Foucault's work engages important questions and blind spots in Marxism and critical theory. Foucault has refined our gaze on social reality. And he has demonstrated how institutions - such as schools, prisons and hospitals - and the knowledge produced in and about such institutions are "directed towards the society as a whole" and hence linked to a more general project (Foucault, 2007: 117). To acknowledge this is also to acknowledge that we should try not to lose ourselves in the truisms of our immediate activities, practices and institutions. To see how the order of, for example, psychology also contributes to the coordination of techniques in childcare, welfare, politics, law, bio-medicine, management and so on, we must learn to de-centre our understandings of the problems, functions and objects we engage in, in our institutions and everyday practices.

To my mind, Foucault's work invites critical inquiry that pays more attention to contextual aspects and, with a little ingenuity, to people's situated practices and everyday-life.

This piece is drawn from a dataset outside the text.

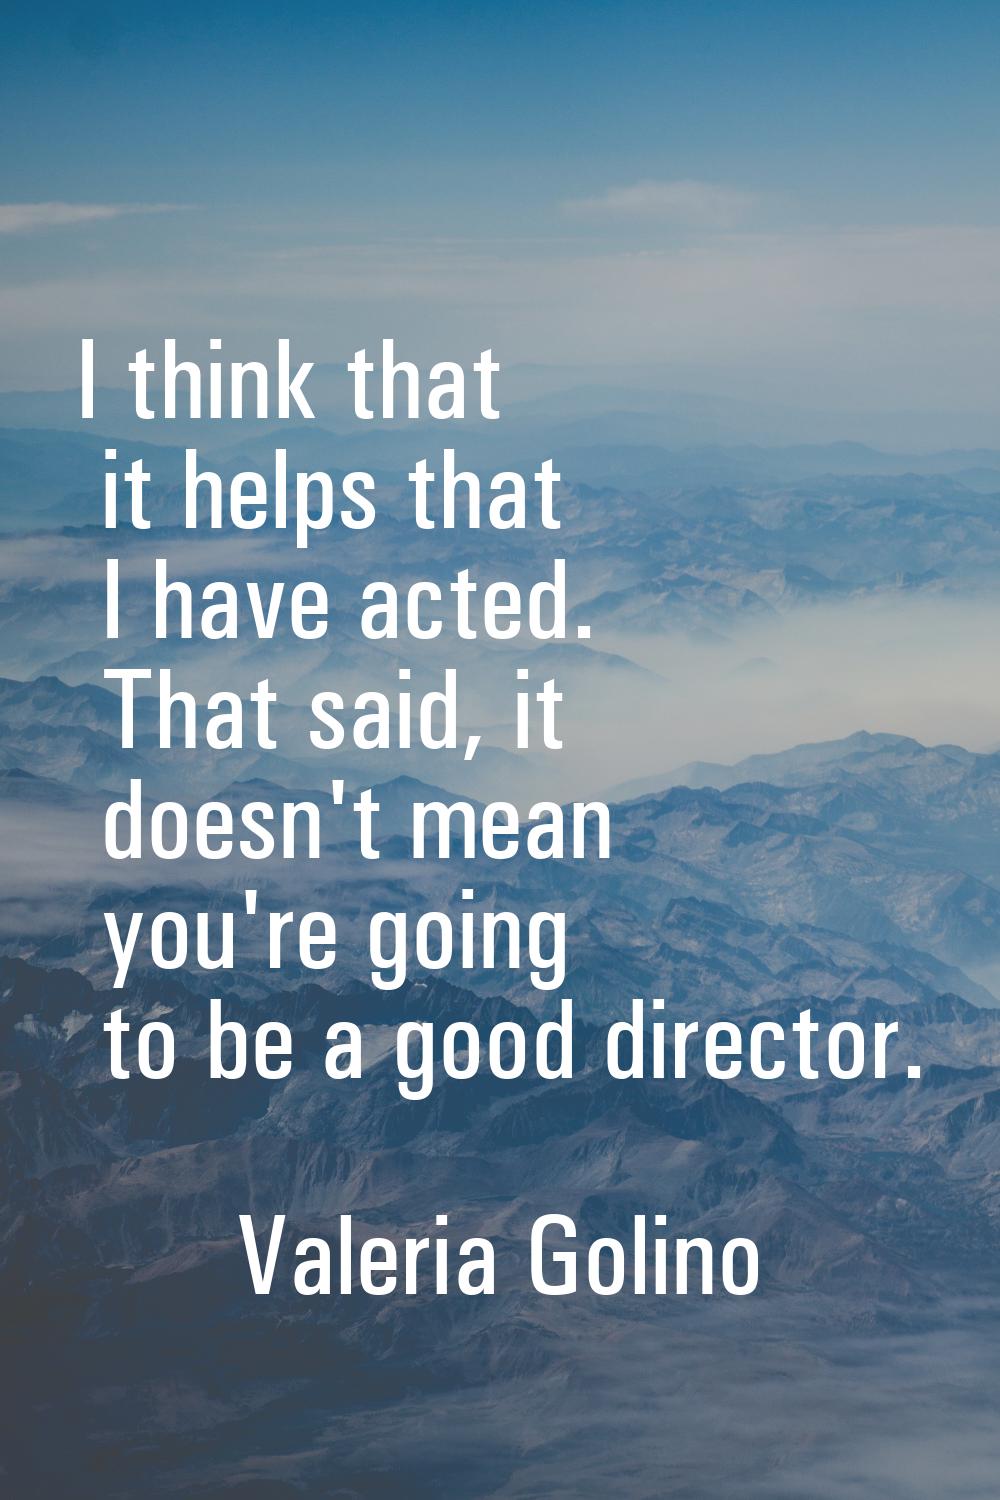 I think that it helps that I have acted. That said, it doesn't mean you're going to be a good direc

Nevertheless, I will try to present an alternative approach to these aspects in this article, returning, in a way, to Marx. This is motivated by an impression that Foucault's work brings us forward, but also too far away from some of Marx's important insights. My reservation concerns the completeness of Foucault's methods and way of theorizing in relation to psychology; its weak interest in divisions of labour and the circumstances surrounding production, and more specifically the lack of a concept of "agency" in his work.

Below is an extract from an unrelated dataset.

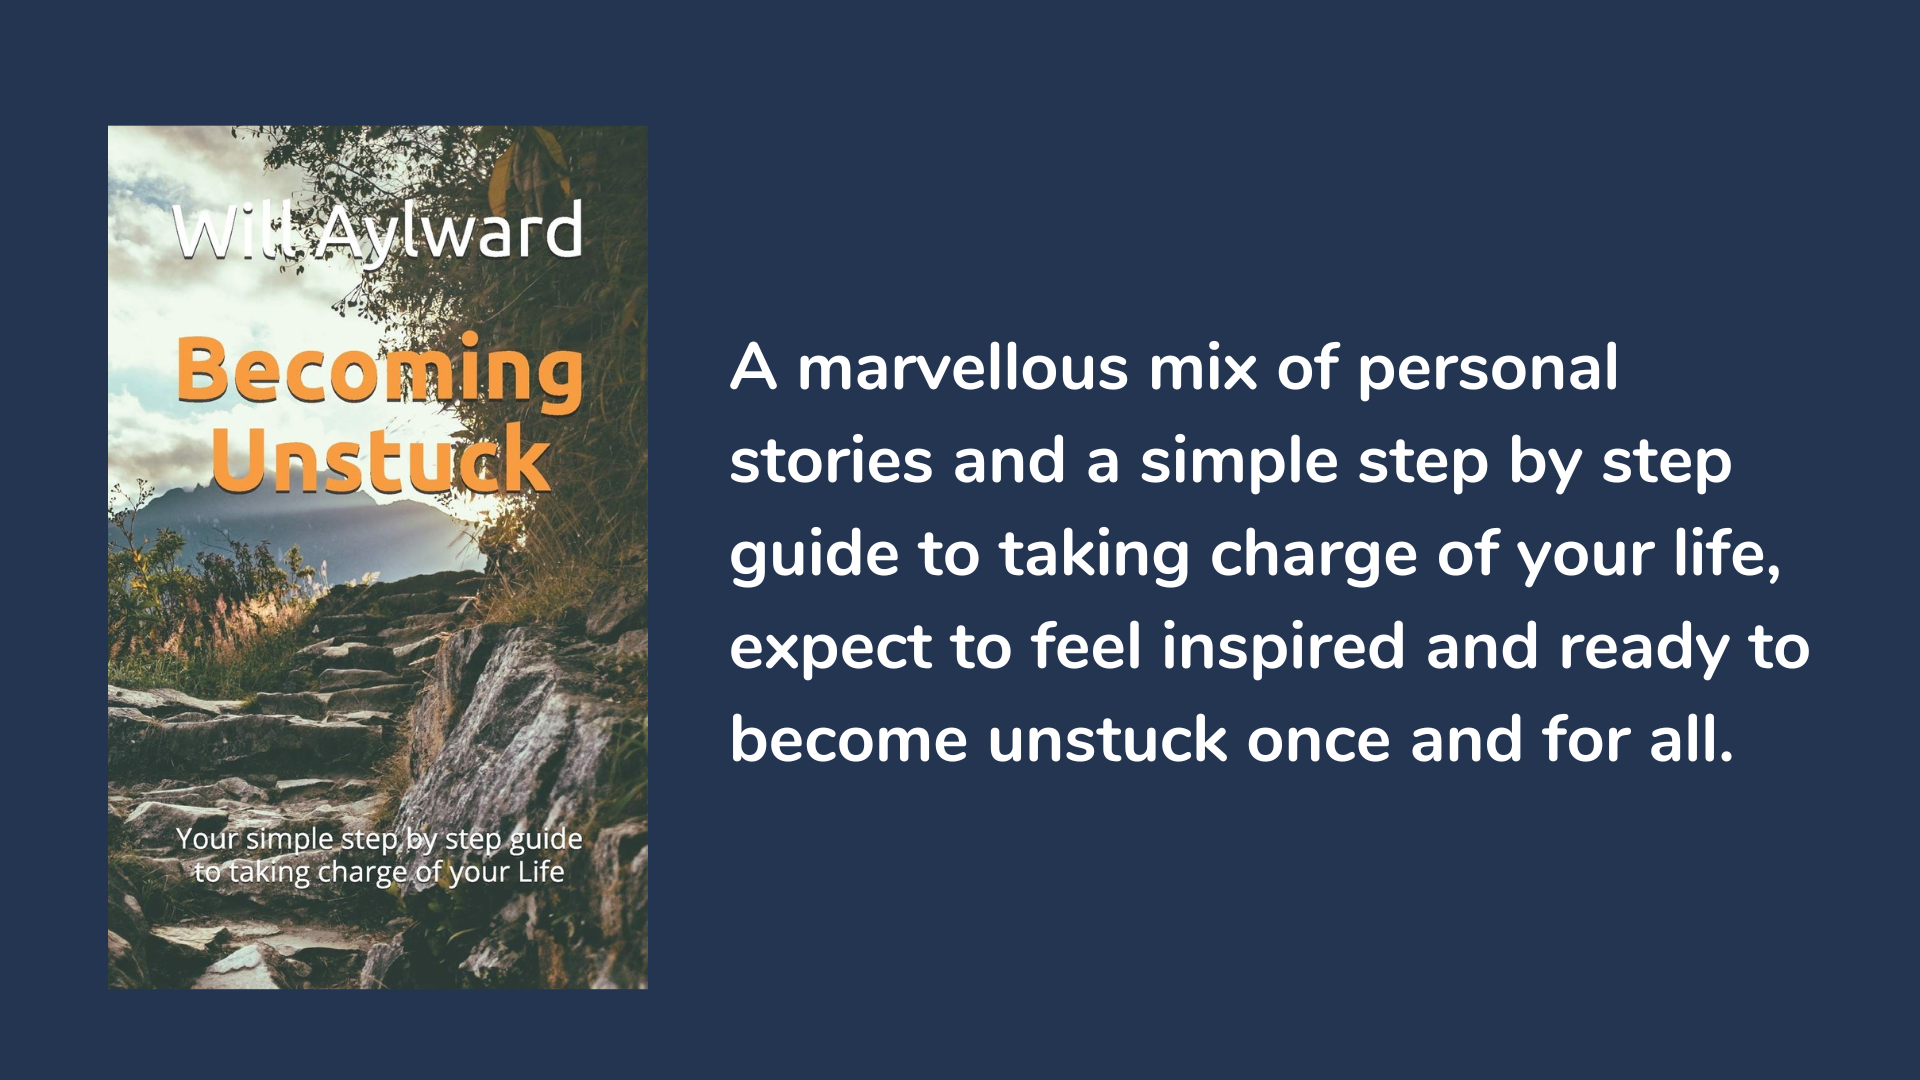 Becoming Unstuck: Your Simple Step By Step Guide To Taking Charge Of Your Life, book cover and description.
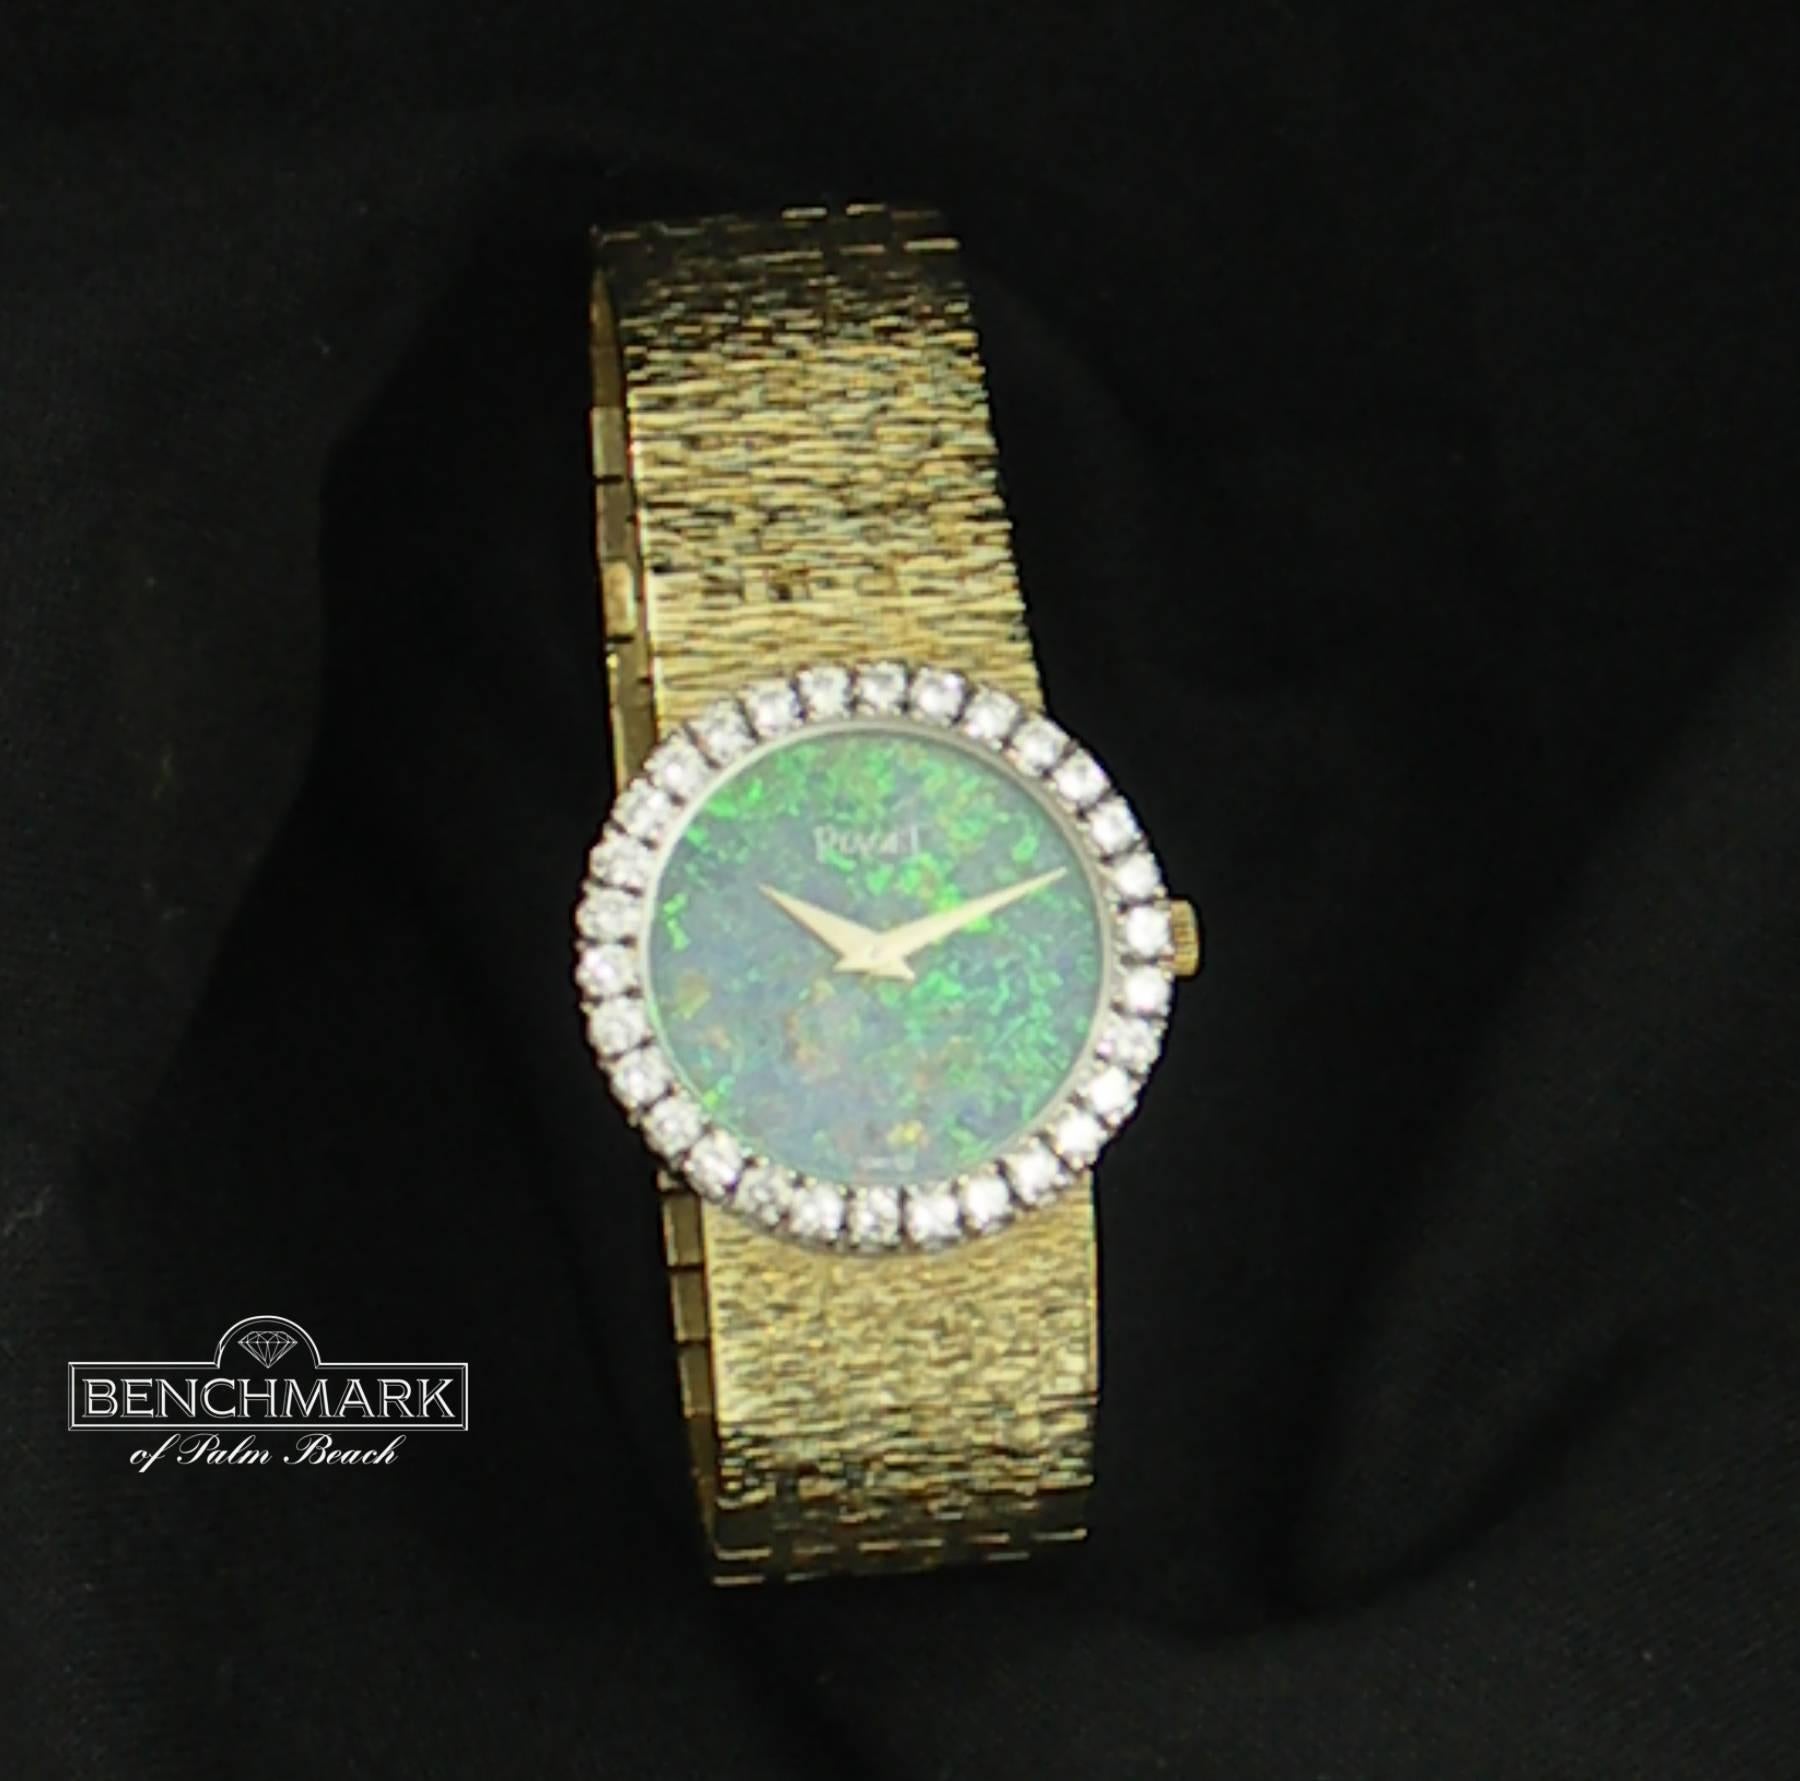 A ladies 18K yellow gold wristwatch centered around a rare opal dial, surrounded by a bezel, set with 30 round brilliant cut diamonds weighing 1.50ct total approximate weight. Case, dial, and quartz movement are each signed Piaget. The inside

The German philosopher Rudolf zur Lippe (Lippe, 1974), who studied the same historical period as Foucault, notes that when soldiers today have tried to perform the prescription for military exercises that Foucault reconstructed from the 17th century work on the military body, they turned out to be both practically and physically impossible to perform. In fact, the exercises Foucault described were so impossible to perform for the soldiers who tried them out that even the soldiers at the time must have addressed these prescriptions from an understanding of their actual limits and possibilities. Otherwise, Lippe writes, "The blood would have stopped in their veins" (Lippe, 1974: 146). Now, to my mind, this is far from being an unimportant detail. It points precisely to the fact that Foucault's method entails a risk of mystification. Now, my point is not that we need to start with "the body", as the basis of what I call a subject-scientific standpoint. What I do want to get at is that the example demonstrates how social practice is full of tacit improvisations, situated knowledge and social relations that constitute important gaps between what a practice might look like from the outside, or in a process manual, and what it looks like in reality. It is precisely within these gaps that we find a range of important and valuable data for critical analyses of social reality. Foucault examines power-relations from their epochal transformations rather than from their situated transformations. Hence he shows little attention to such gaps or to concrete dilemmas and conflicts in people's everyday-lives. Not least since power is not just conceptualized as epochal but also as epistemic rather than practical, which furthermore makes it impossible to question the relevance of this form of critique from a point of view of practice or the specific conflict and/or situation.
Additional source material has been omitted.